Algorithm for the Function Getreg()

What follows is an algorithm for storing and returning the register locations for three-address statements by using the function getreg().

 { For every three-address statement of the form  x  =  y op z  in the basic block do { 
  1. Call getreg() to obtain the location L in which the computation y op z should be performed. /* This requires passing the three-address statement x = y op z as a parameter to getreg(), which can be done by passing the index of this statement in the quadruple array.

  2. Obtain the current location of the operand y by consulting its address descriptor, and if the value of y is currently both in the memory location as well as in the register, then prefer the register. If the value of y is currently not available in L , then generate an instruction MOV y, L (where y as assumed to represent the current location of y ).

  3. Generate the instruction OP z, L, and update the address descriptor of x to indicate that x is now available in L , and if L is in a register, then update its descriptor to indicate that it will contain the run-time value of x .

  4. If the current values of y and /or z are in the register, we have no further uses for them, and they are not live at the end of the block, then alter the register descriptor to indicate that after the execution of the statement x = y op z , those registers will no longer contain y and /or z .

 } Store all the results. } 

The function getreg(), when called upon to return a location where the computation specified by the three-address statement x = y op z should be performed, returns a location L as follows:

  1. First, it searches for a register already containing the name y . If such a register exists, and if y has no further use after the execution of x = y op z , and if it is not live at the end of the block and holds the value of no other name, then return the register for L .
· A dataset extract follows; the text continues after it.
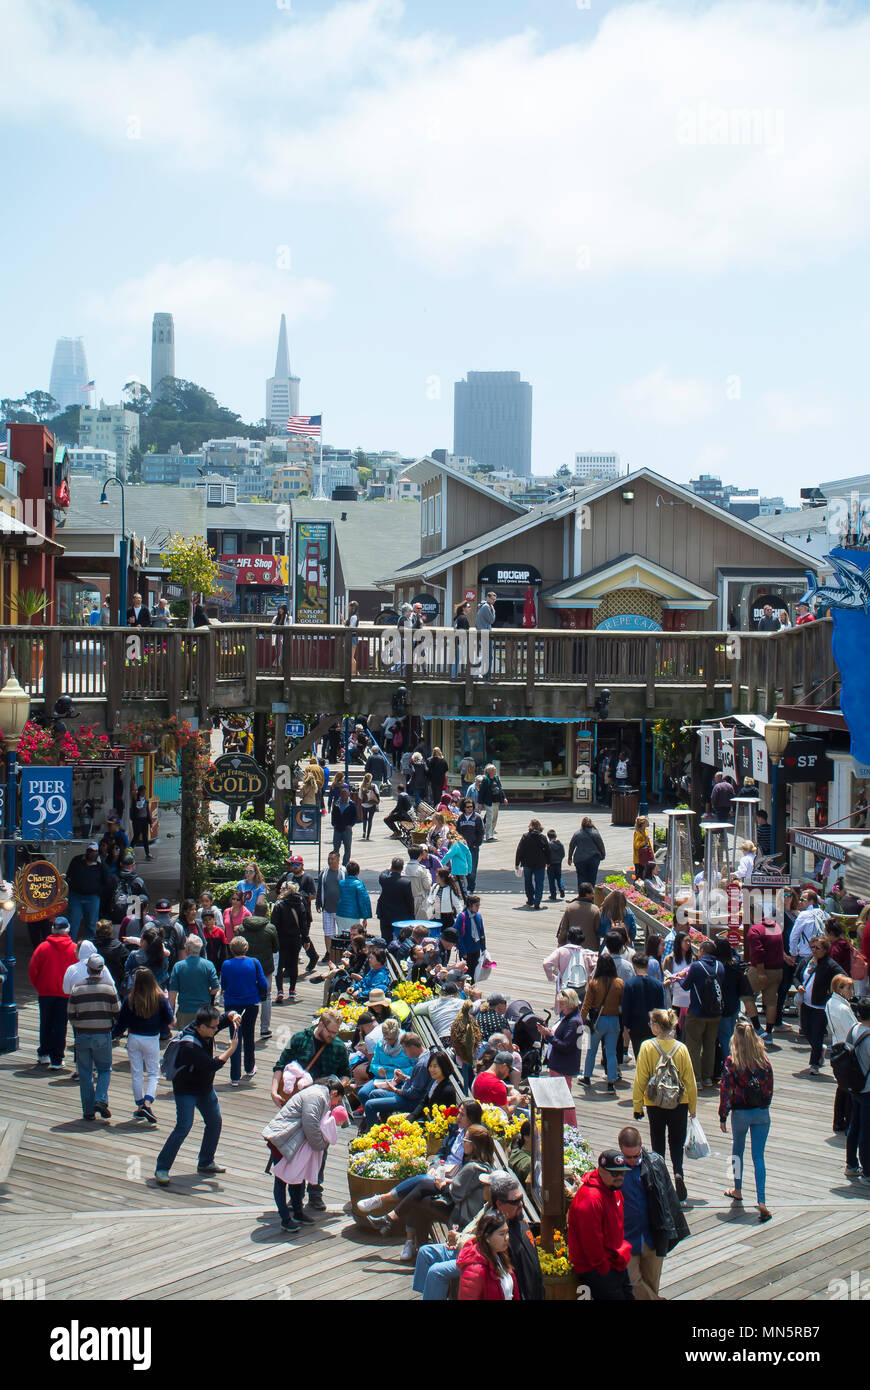 Pier 39, San Francisco Stock Photo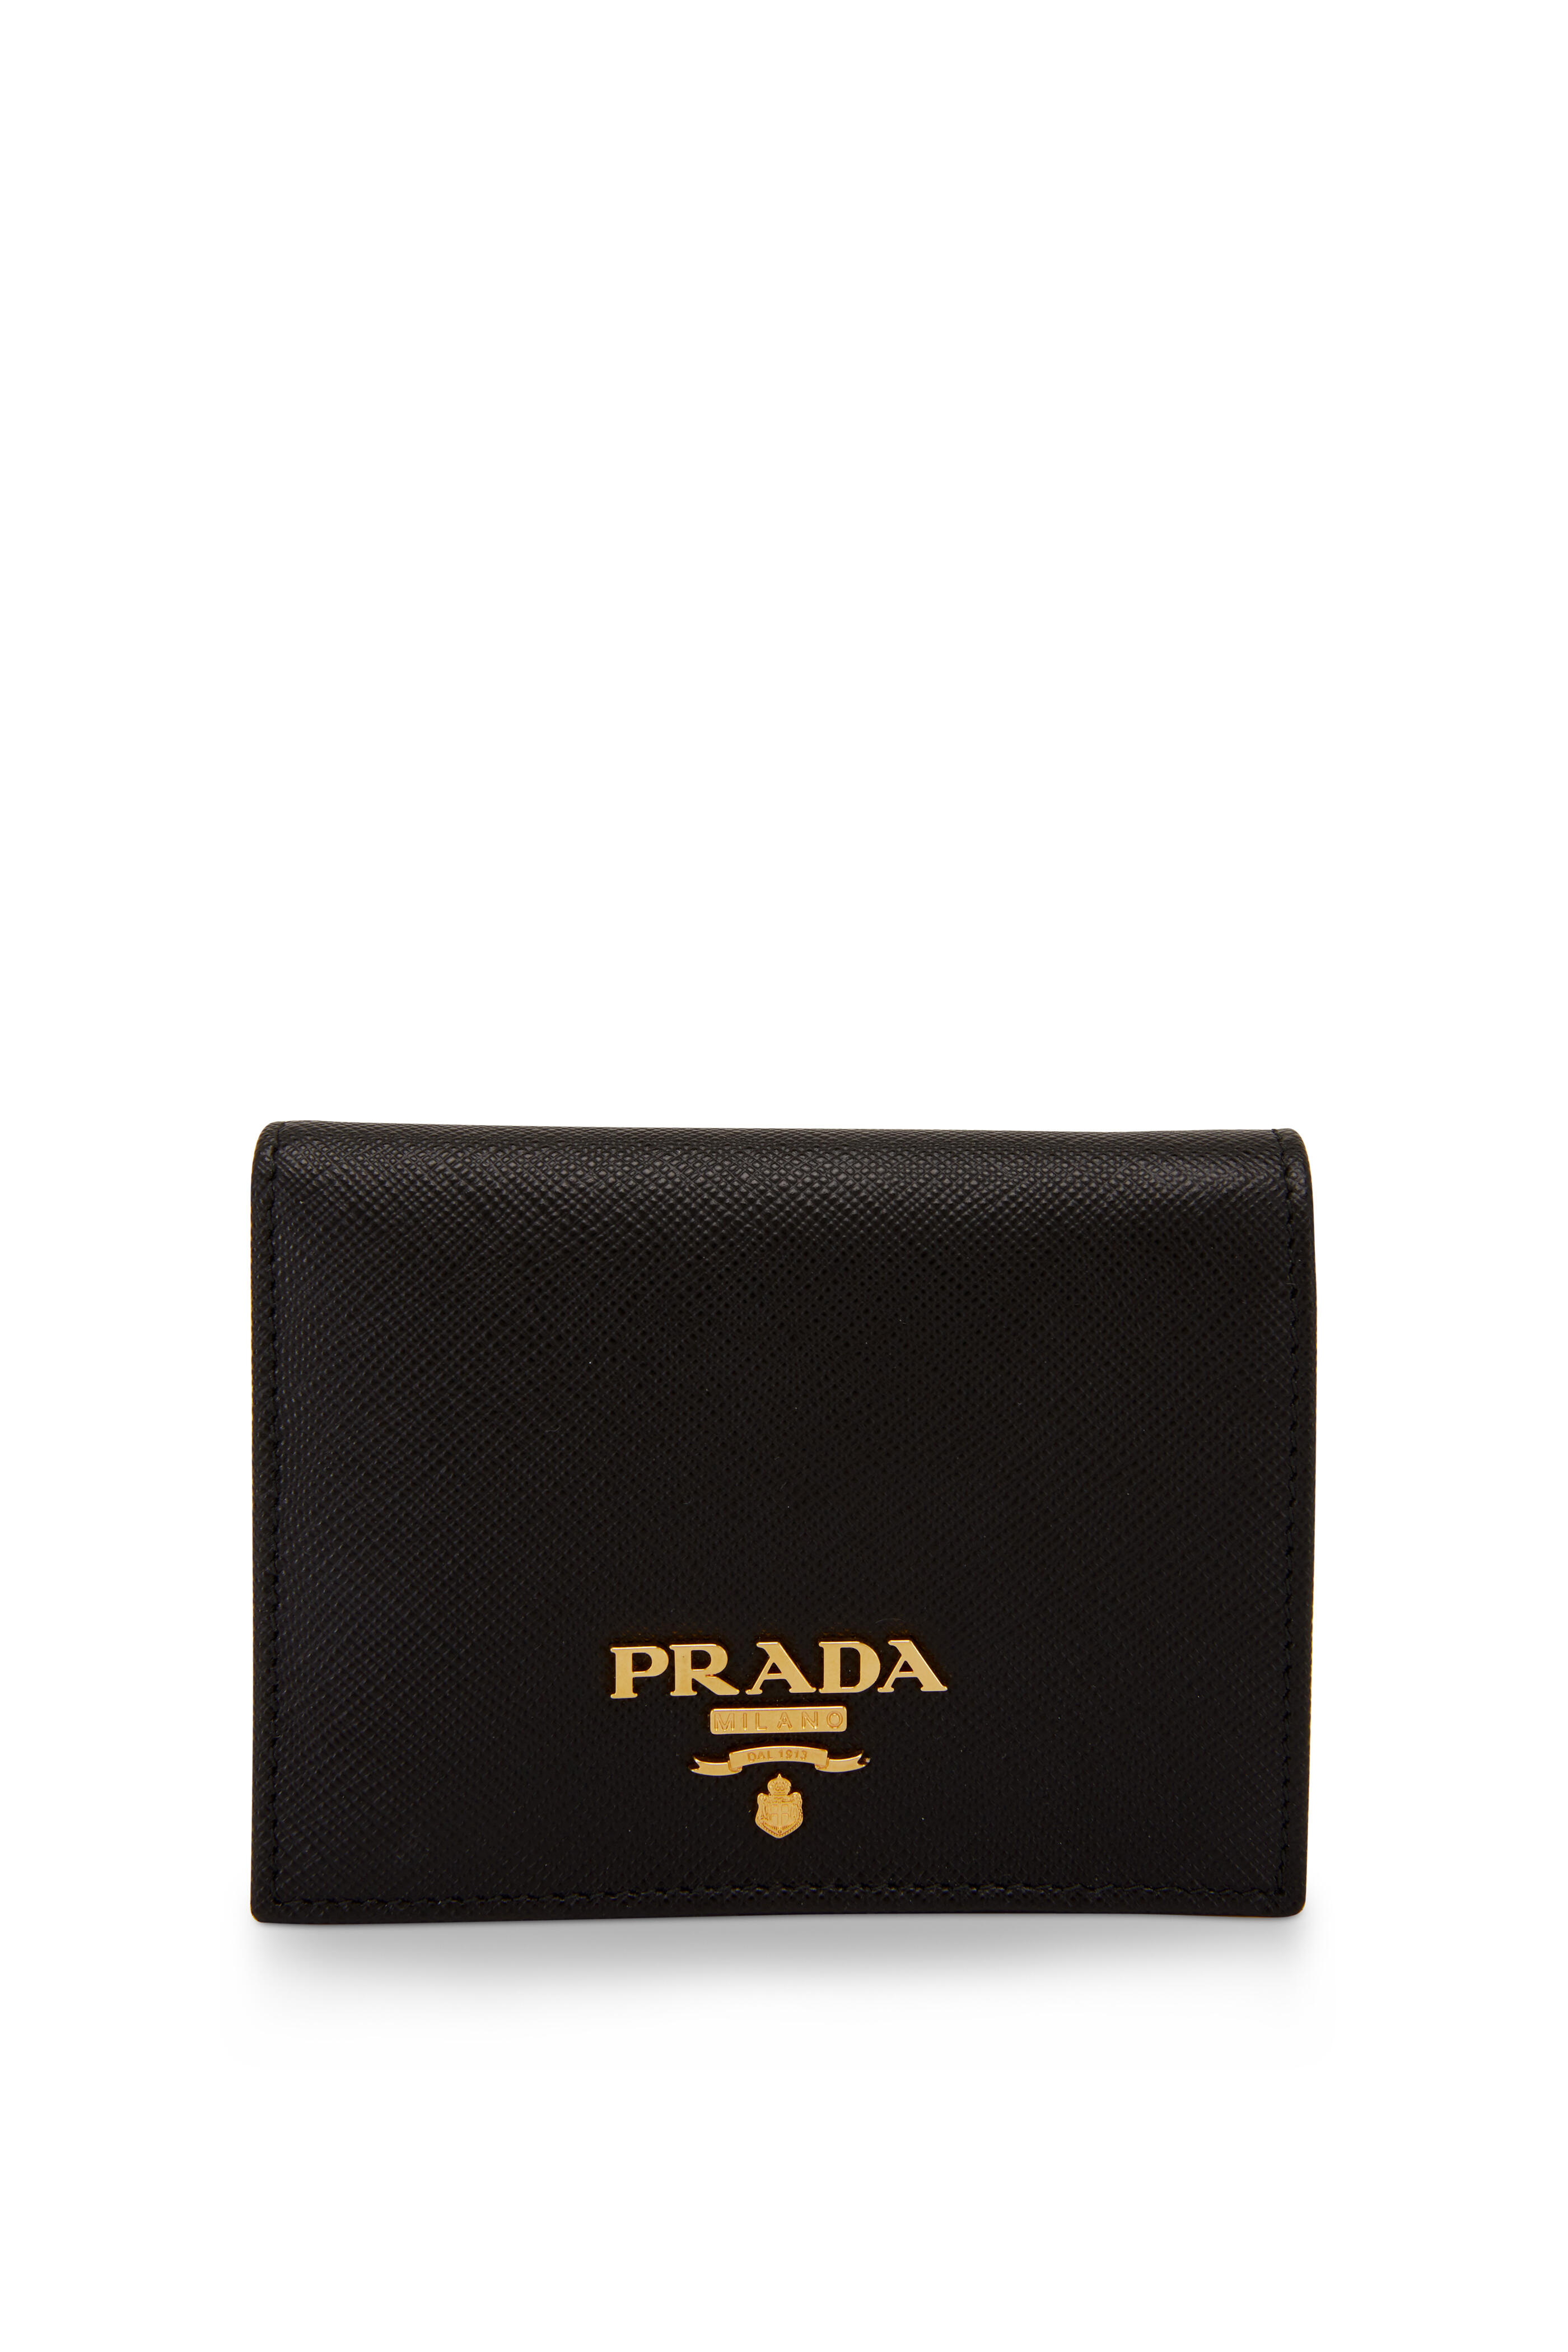 Prada - Black Leather Snap Flap Wallet | Mitchell Stores

  2. Otherwise, getreg() searches for an empty register; and if an empty register is available, then it returns it for L .

  3. If no empty register exists, and if x has further use in the block, or op is an operator such as indexing that requires a register, then getreg() it finds a suitable, occupied register. The register is emptied by storing its value in the proper memory location M , the address descriptor is updated, the register is returned for L . (The least-recently used strategy can be used to find a suitable, occupied register to be emptied.)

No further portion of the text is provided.